#### [The task]
Look below for the line that contains "Camiseta de algodón", and write out exactly that line and all remaining lines of the listing, omitting pictures.

#### [Supplied information]
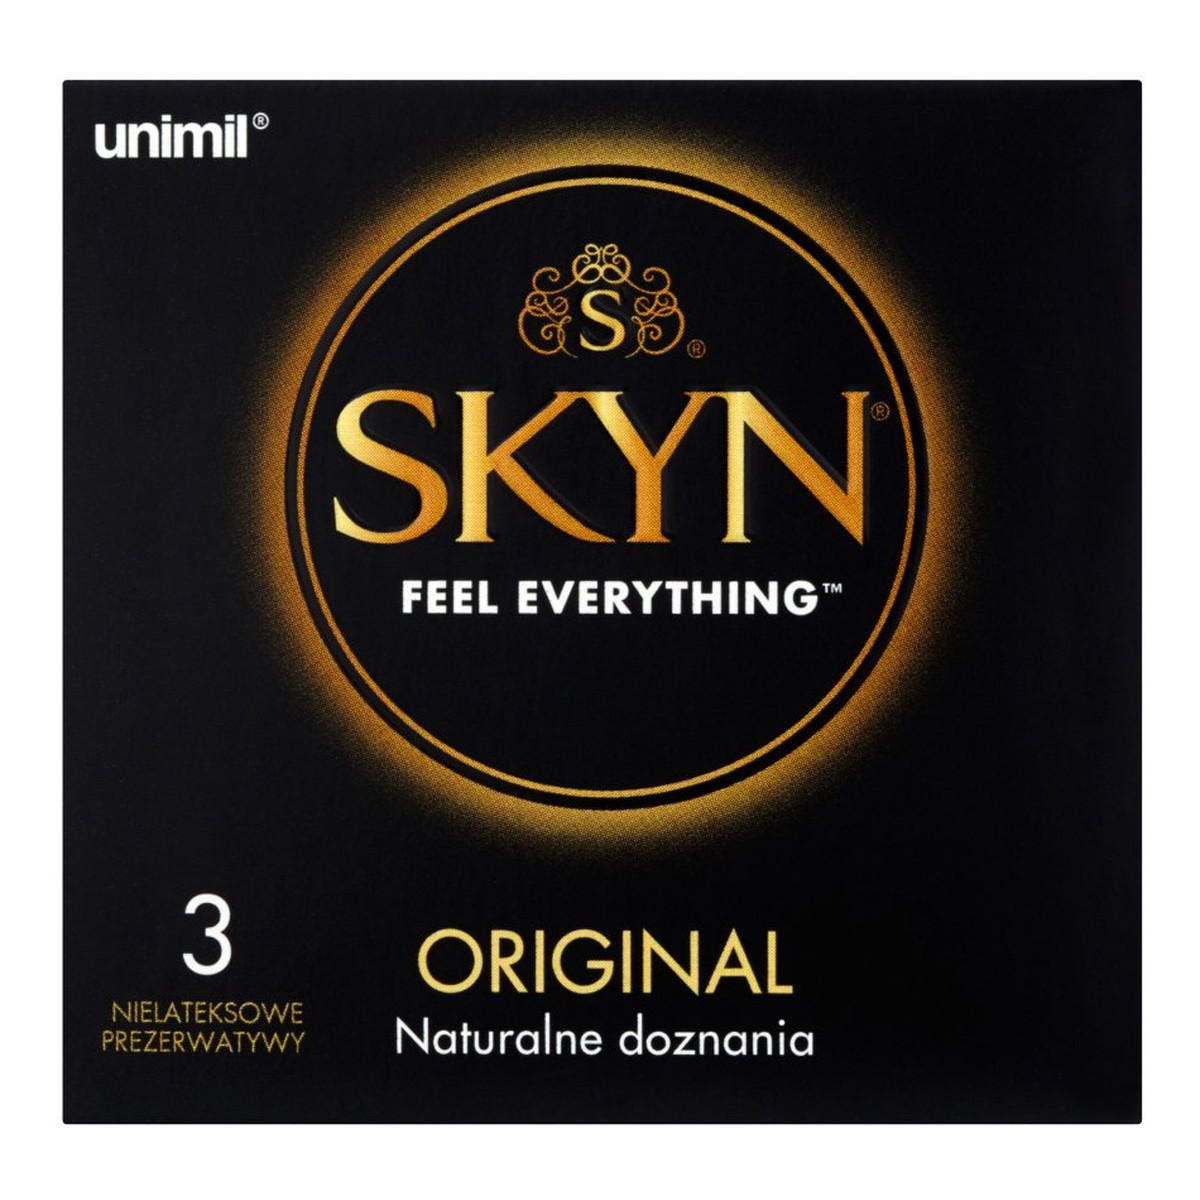 Unimil Skyn Original Nielateksowe prezerwatywy 3szt
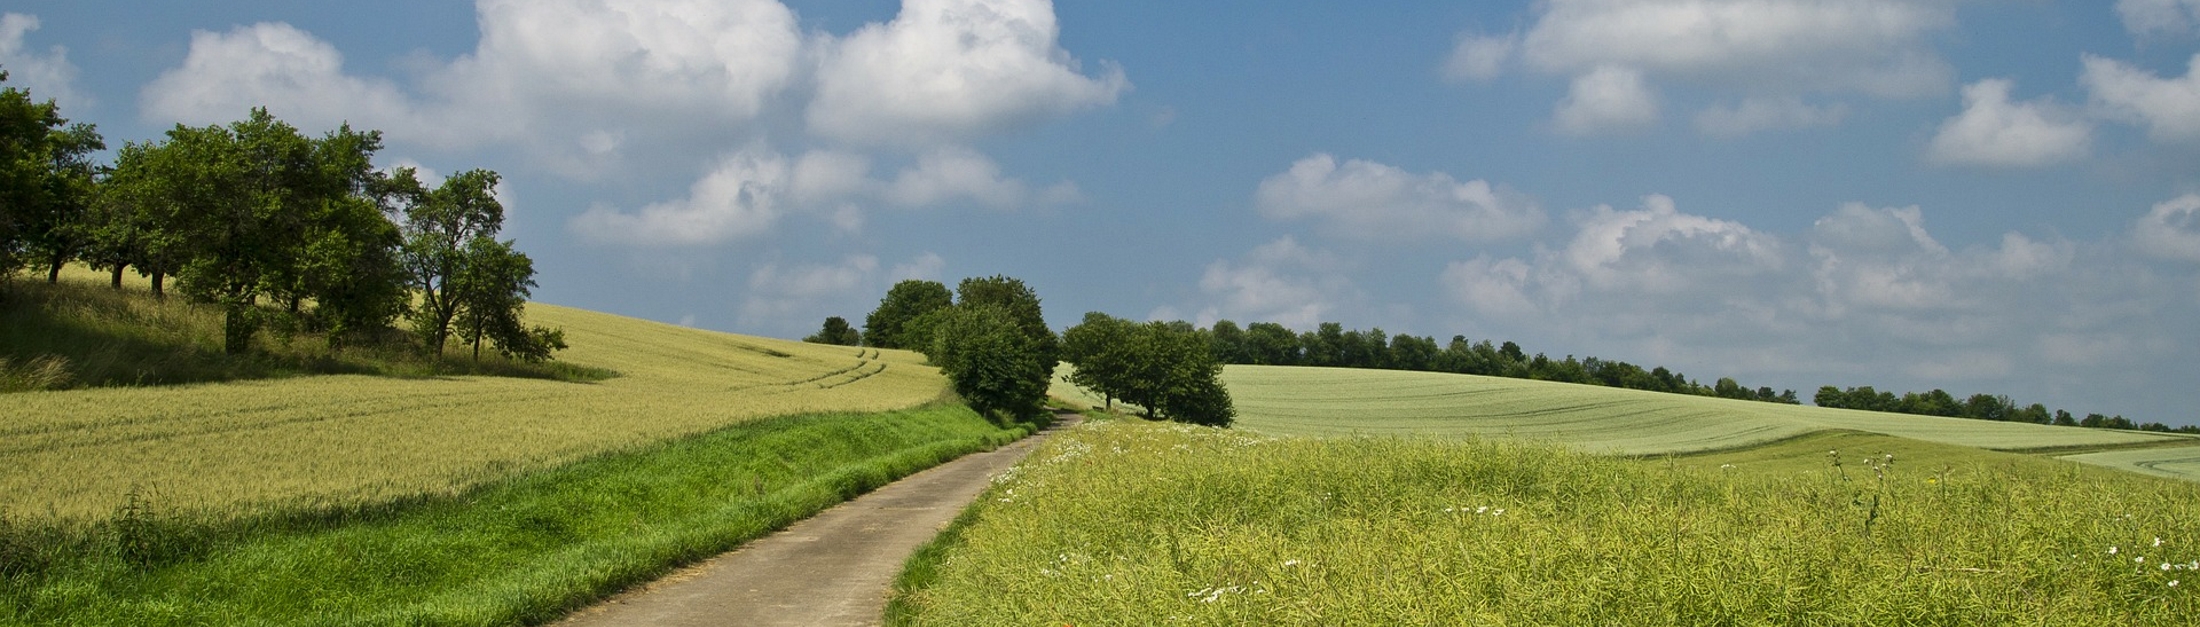 Ein Weg führt durch grüne Felder, am blauen Himmel kleine Wolken
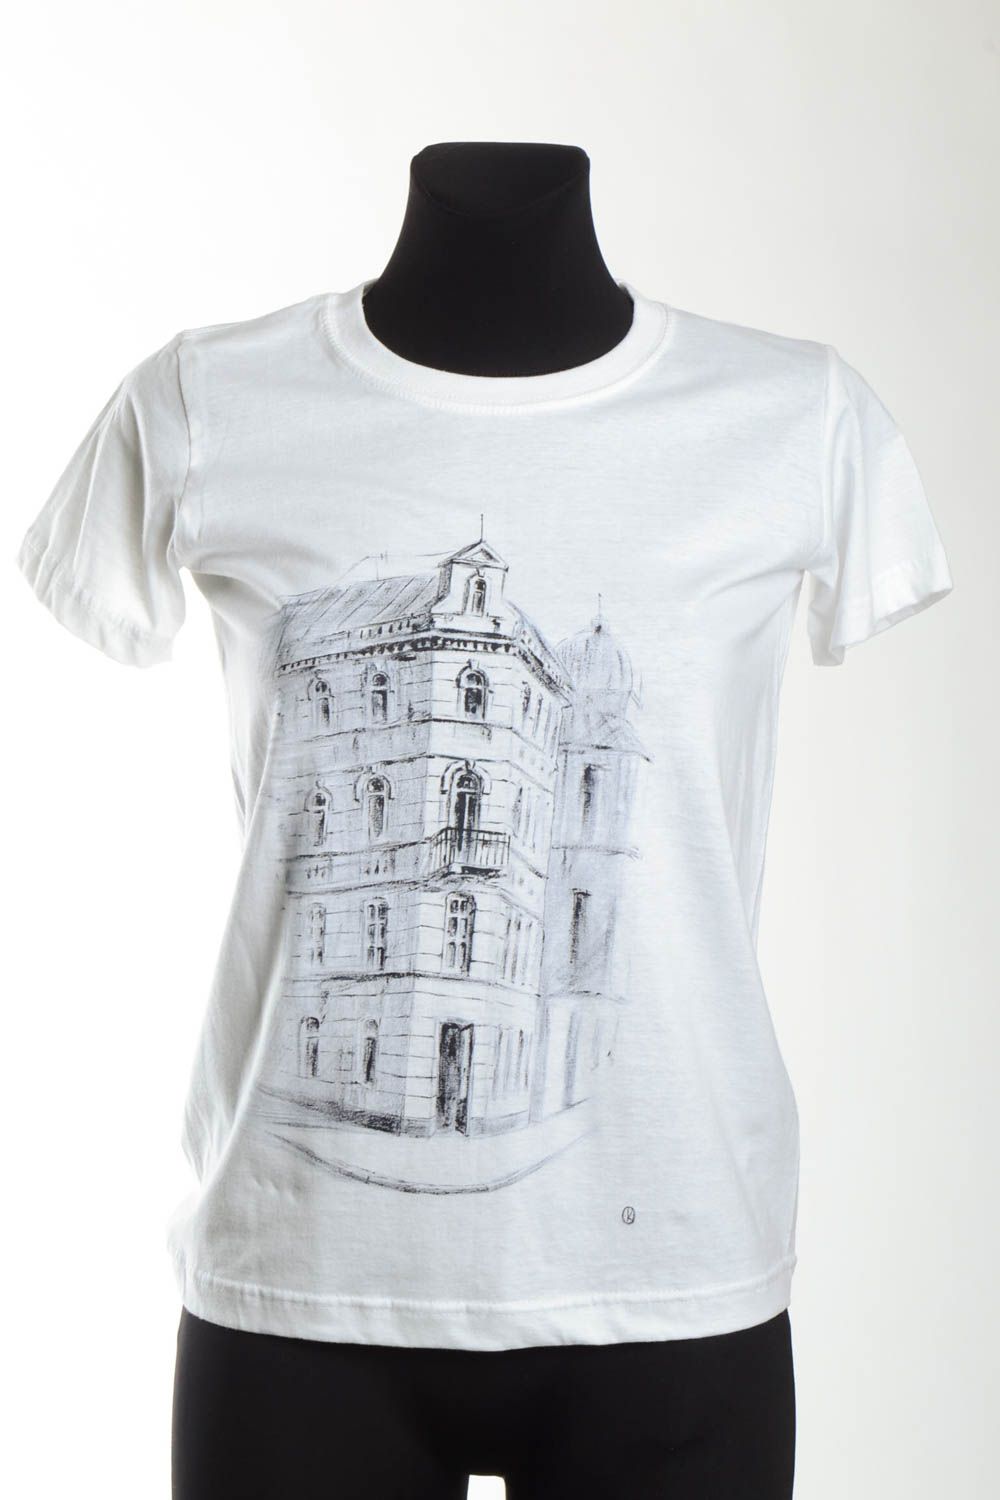 Camiseta de algodón blanca hecha a mano ropa de moda regalo para mujer foto 2
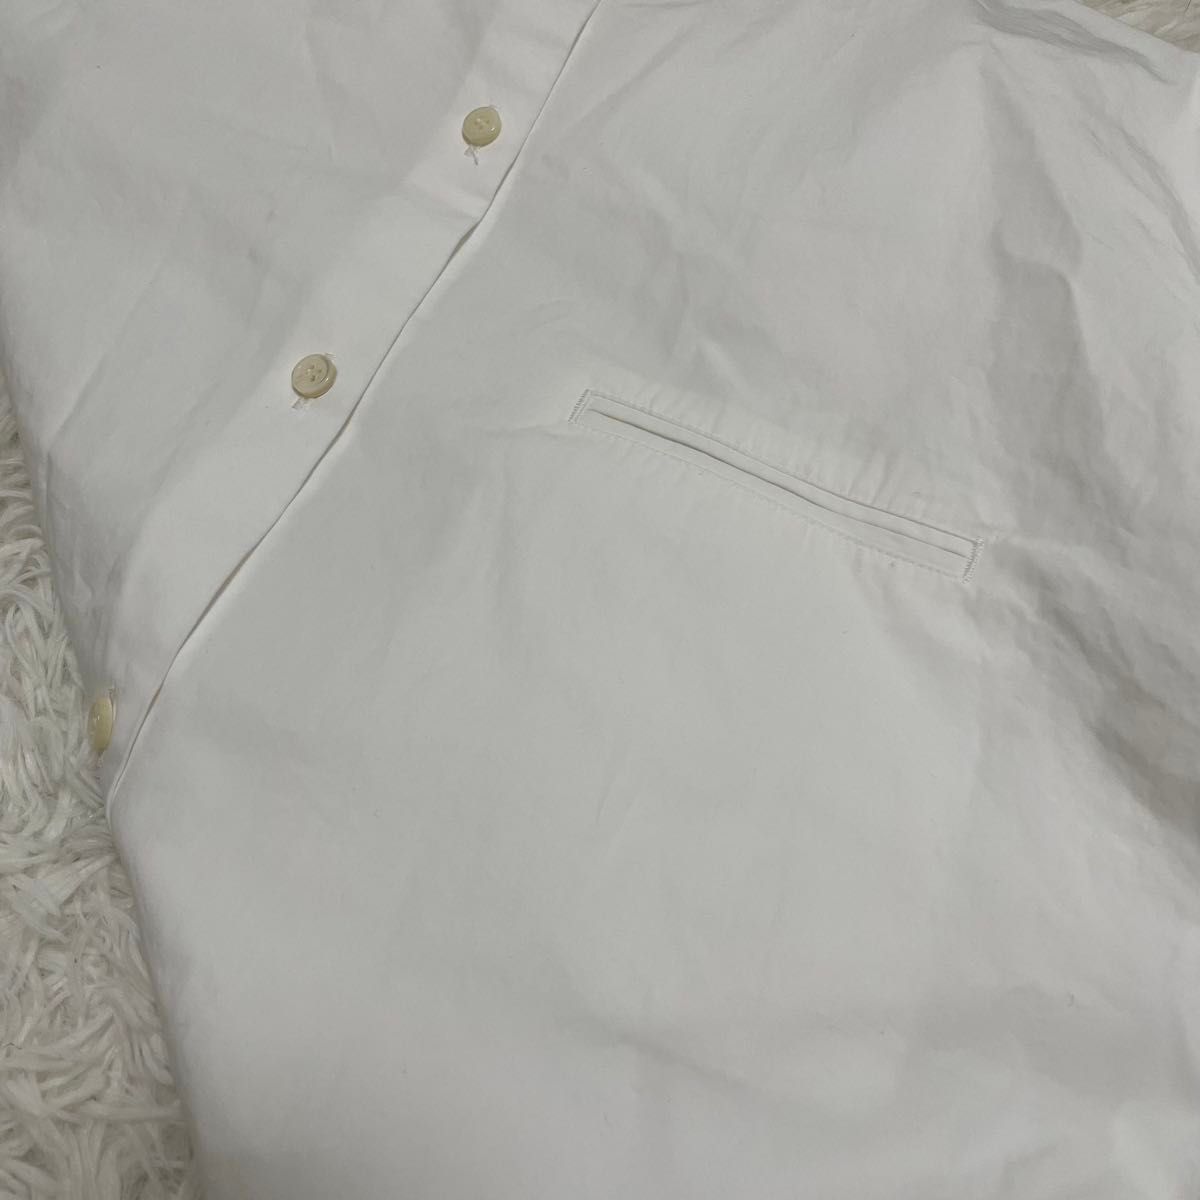 THE SHINZONE ザシンゾーン スタンドビッグシャツ ノーカラー 白 ホワイト バンドカラー バンドカラーシャツ 長袖

#### [Response to the task]
 Camiseta de algodón blanca hecha a mano ropa de moda regalo para mujer foto 2
 THE SHINZONE ザシンゾーン スタンドビッグシャツ ノーカラー 白 ホワイト バンドカラー バンドカラーシャツ 長袖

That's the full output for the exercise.